[Work request] Reproduce exactly the lines of this material that begin at the line with "USPA Journal & Newsletter" and end at the line with "Flame Retardant Winter Trousers - Size 54", both included. Omit the pictures and everything else.

[Recorded data]
=== Begin Enclosure ===

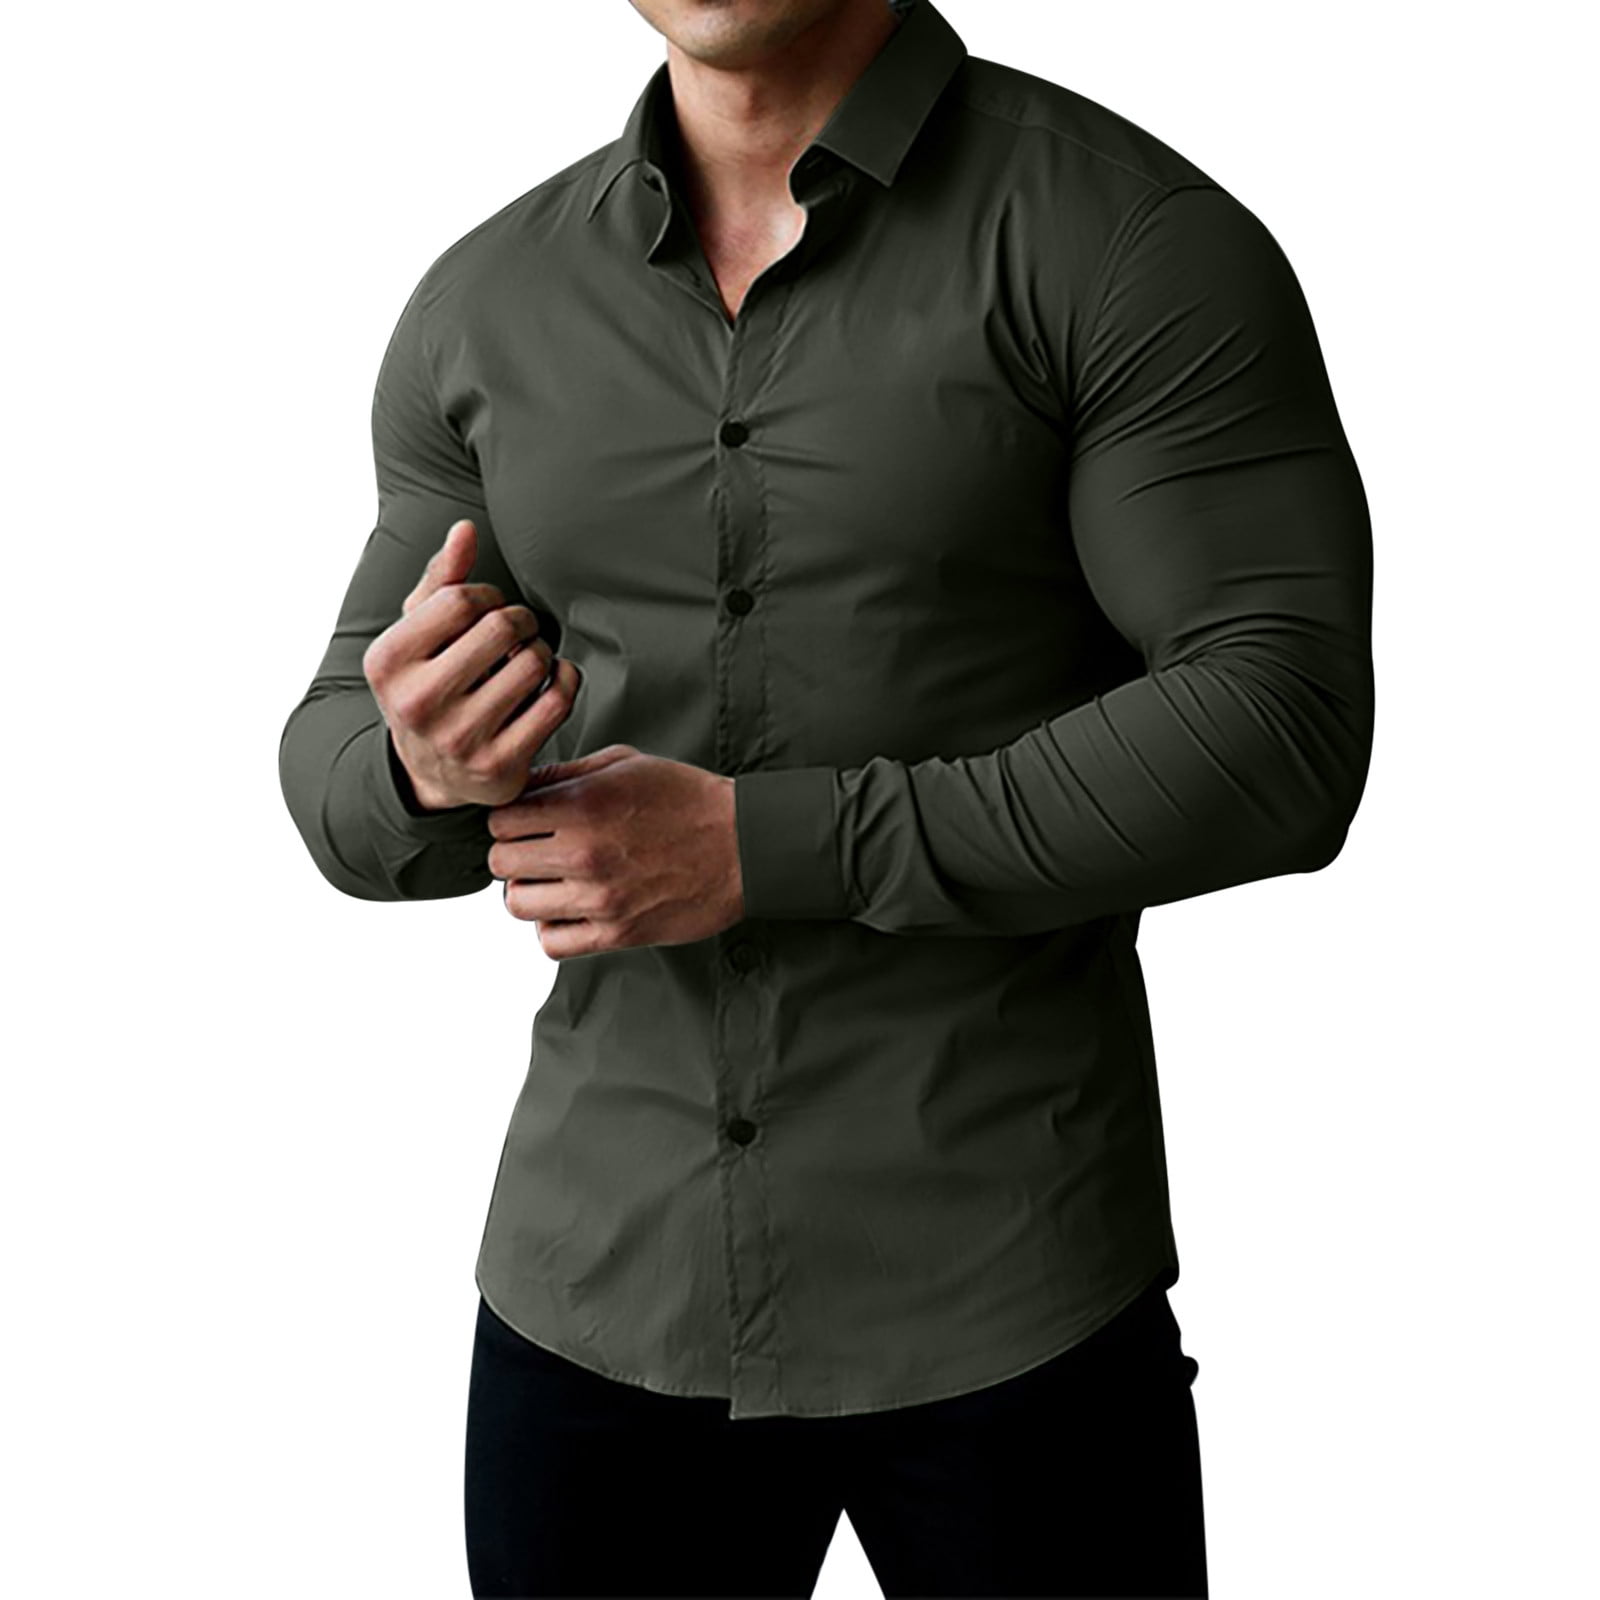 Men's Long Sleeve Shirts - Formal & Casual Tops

=== End Enclosure ===
=== Begin Enclosure ===

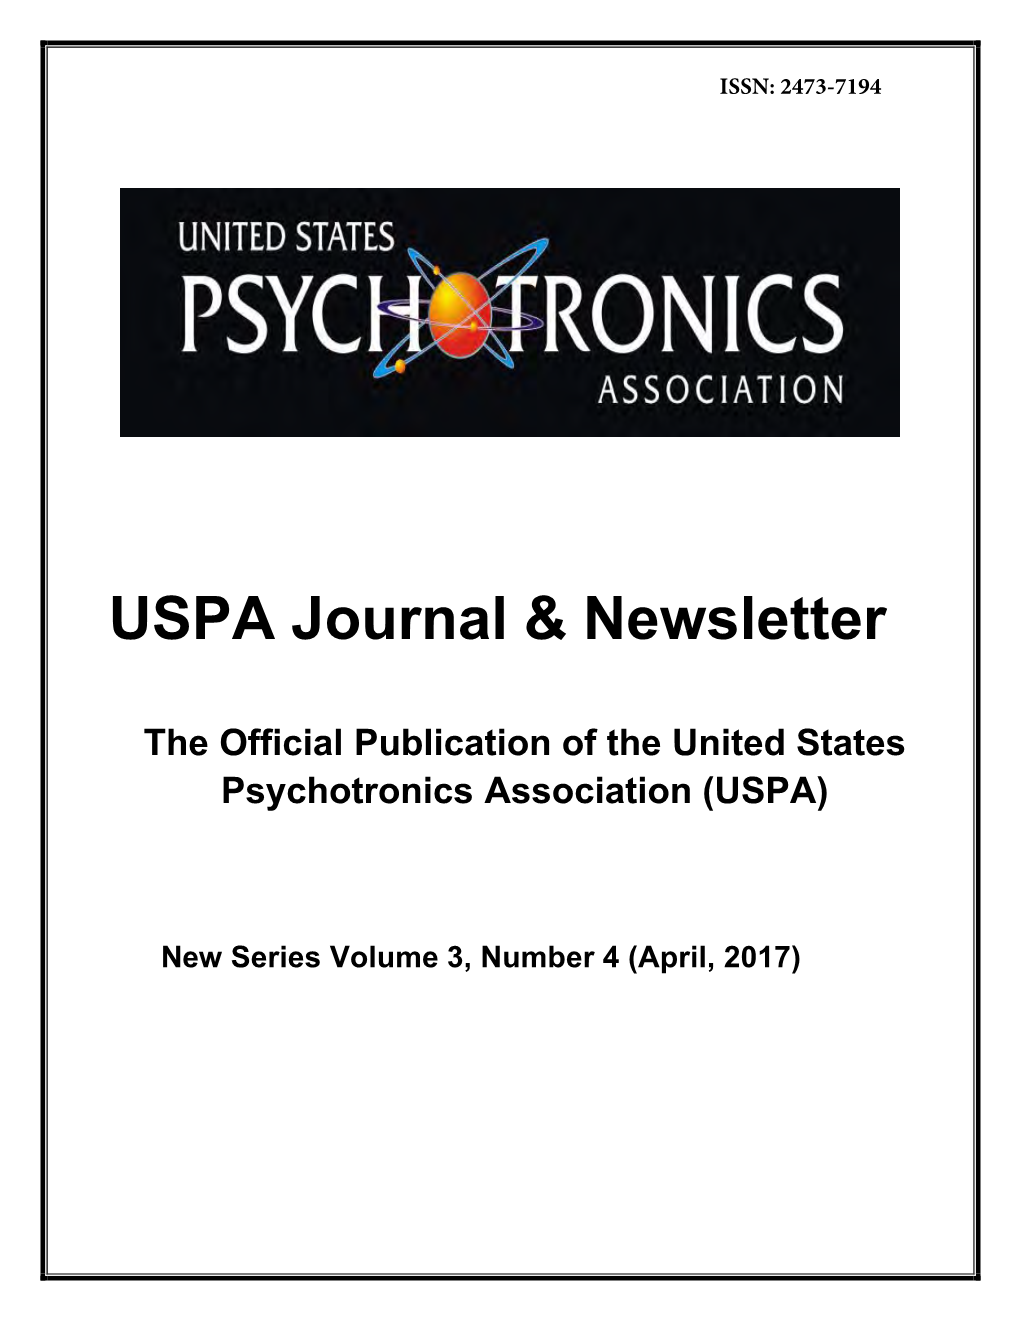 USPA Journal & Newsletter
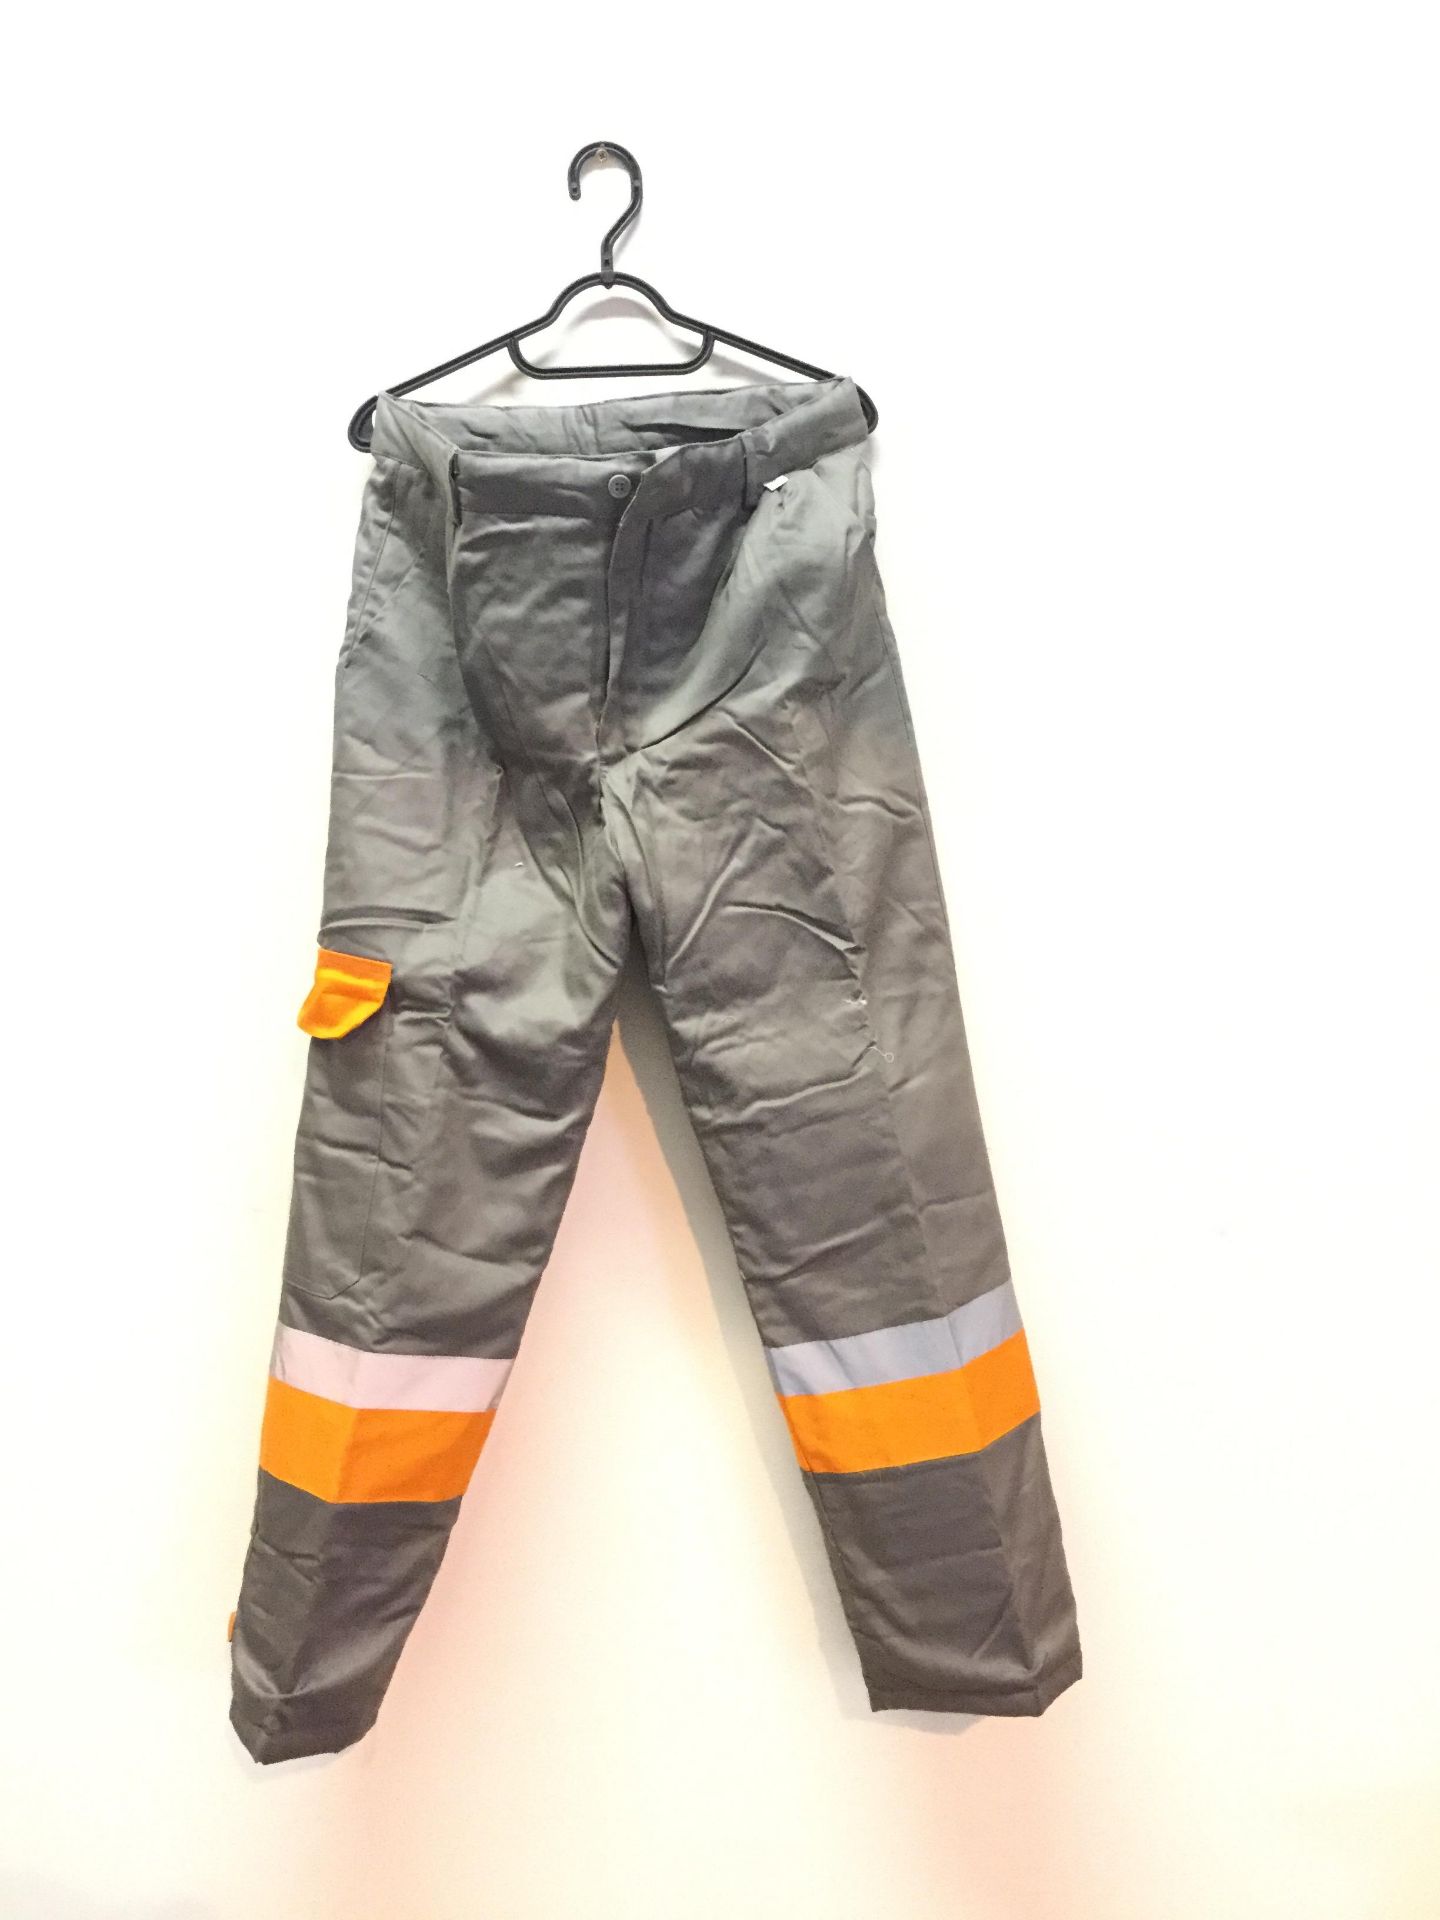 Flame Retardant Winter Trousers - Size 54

=== End Enclosure ===
=== Begin Enclosure ===

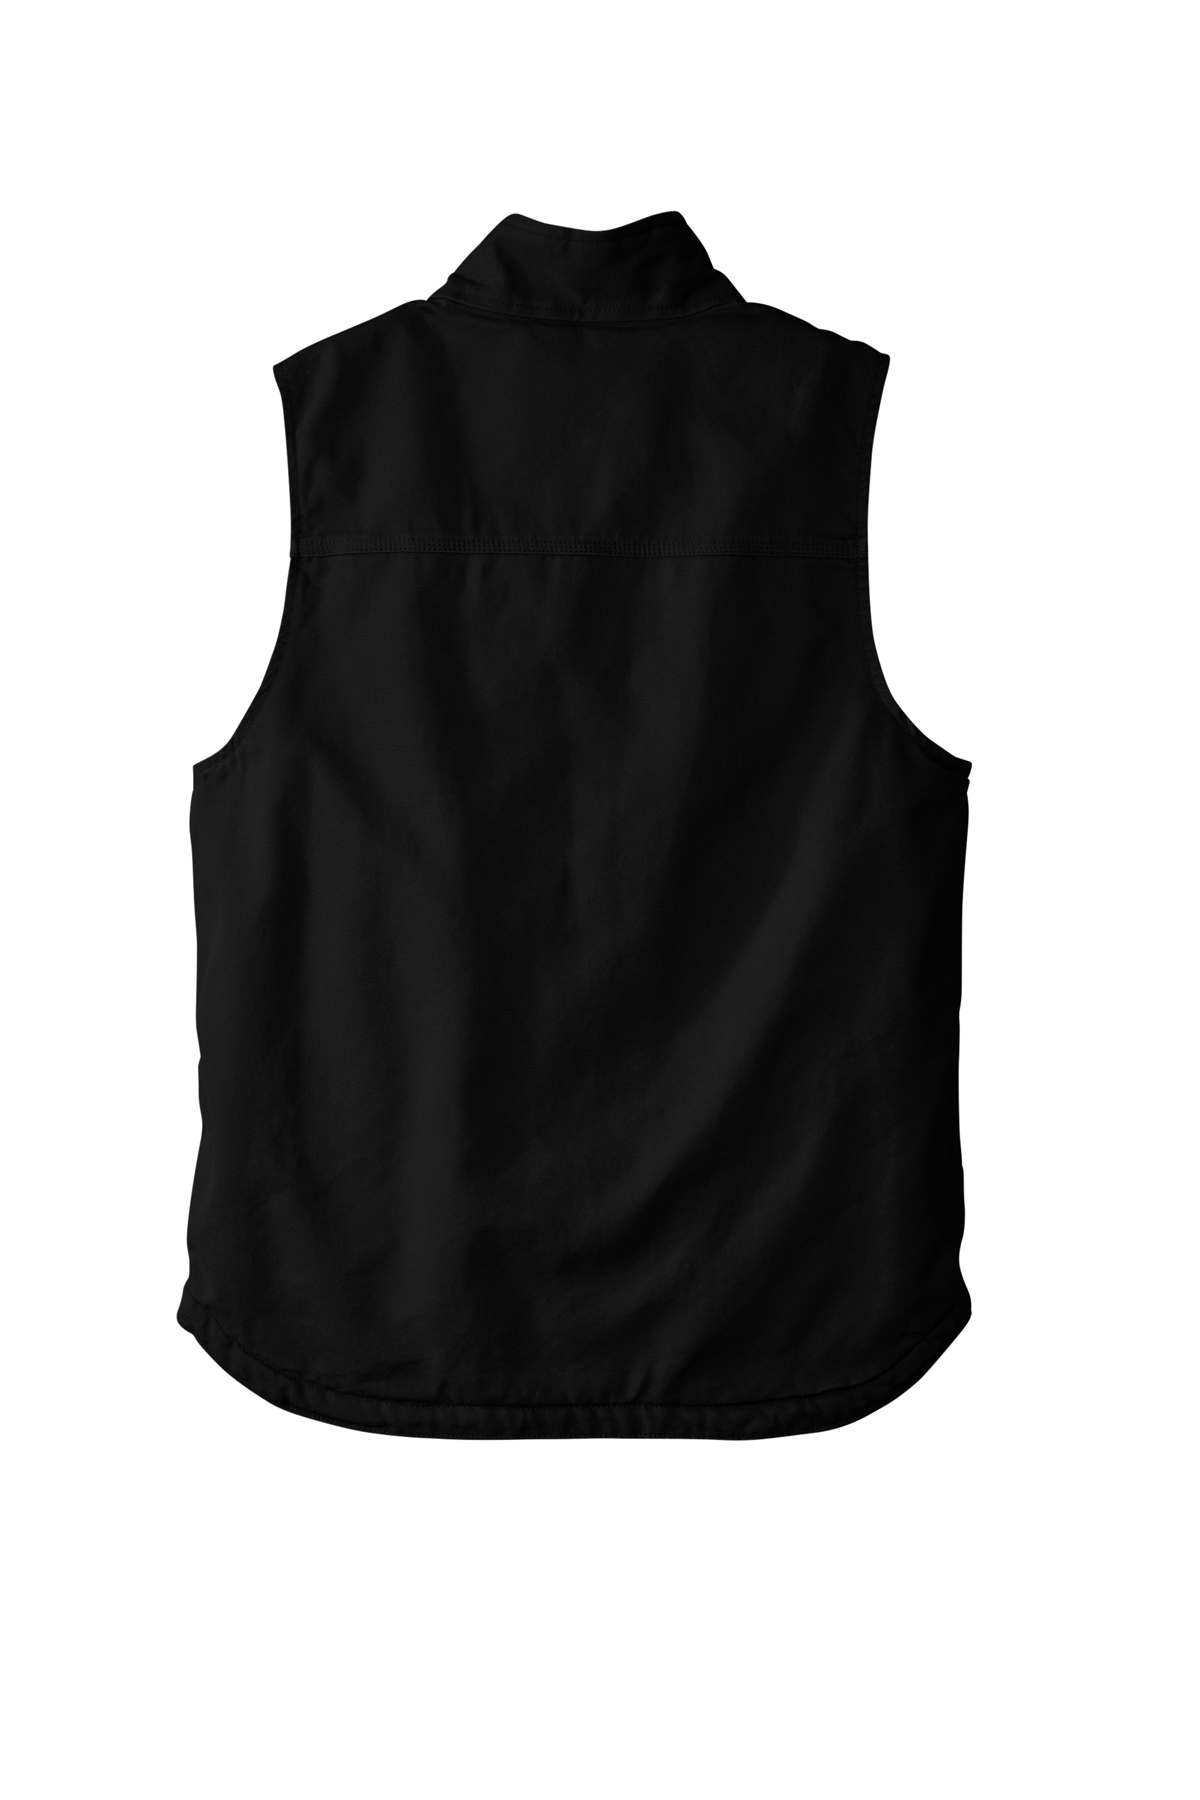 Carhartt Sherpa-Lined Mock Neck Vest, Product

=== End Enclosure ===

[Solution for this task]
 USPA Journal & Newsletter
 Flame Retardant Winter Trousers - Size 54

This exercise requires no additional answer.